Constant regions in the graphs of the time-dependent diffusion coefficients indicate converged, Browninan behavior. Here, this is roughly the region until 15 ns. This region will be used for fitting in the next step. Also the \(z\)-angle is stable in that regime, whereas the \(x\)- and \(y\)-angles are highly non-constant, indicating semi-isotropic behaviour. This is also evident from the diffusion plots, which show \(D_x\approx D_y\).

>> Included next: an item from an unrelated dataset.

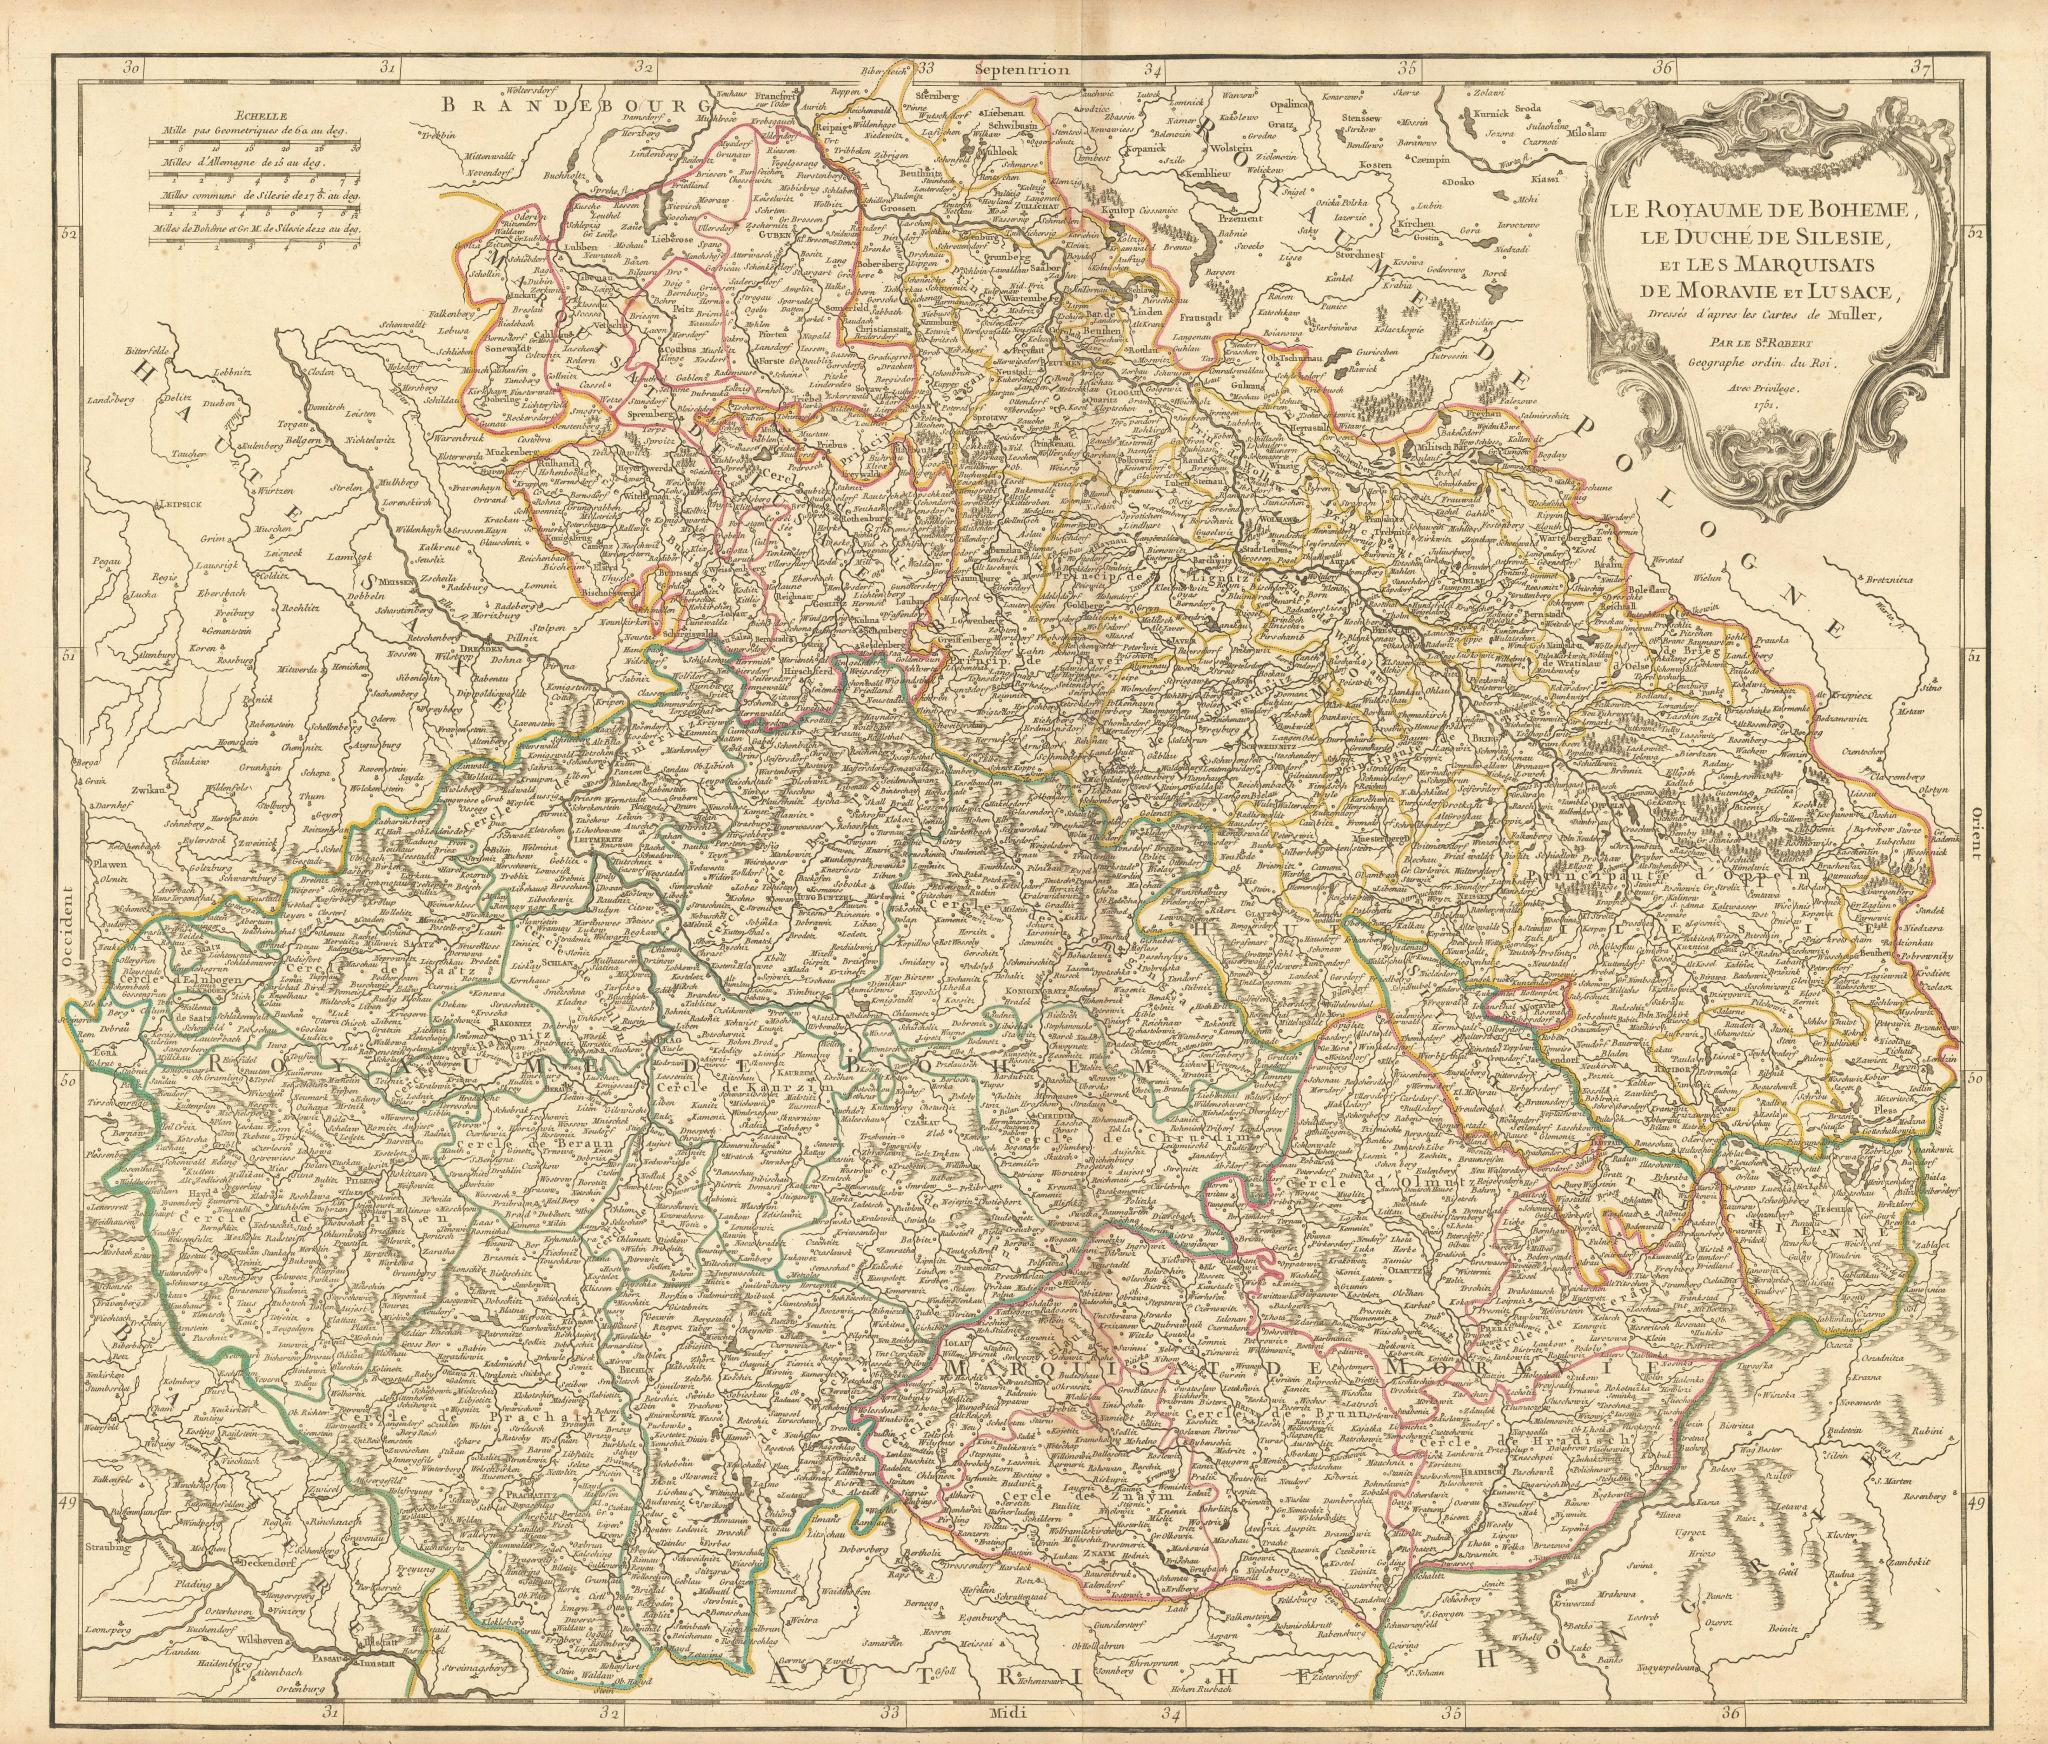 """""""Le Royaume de Boheme, le Duché de Silesie…"""" Silesia & Czechia VAUGONDY 1751 map"""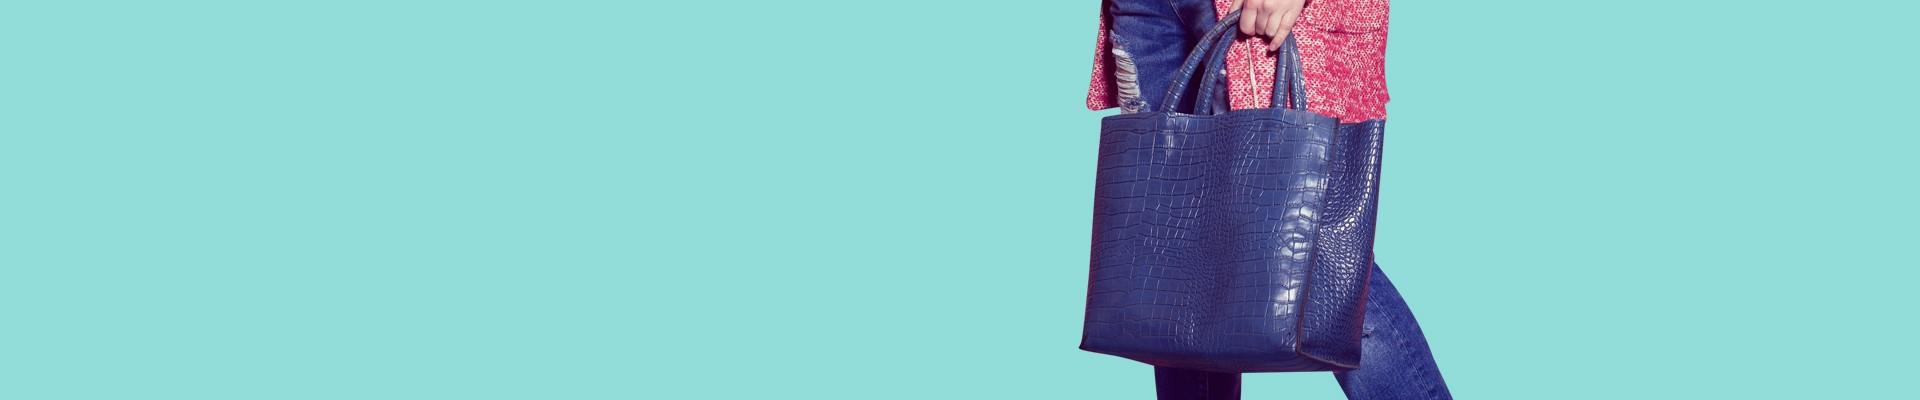 Jual Handbag Wanita Model Terbaru - Harga Terbaik

Fitting a diffusion model#

Three models are available for fitting:

  • anisotropic: Full anisotropic diffusion with three independent coefficients (D₁, D₂, D₃)

  • semi-isotropic: Axially symmetric diffusion (D∥, D⊥)

  • isotropic: Isotropic diffusion with a single coefficient (D)

In all cases three principal axes are fitted, but they lack a physical meaning in case of semi-isotropic (\(x\)- and \(y\)-axes) or isotropic (all axes) rotational diffusion.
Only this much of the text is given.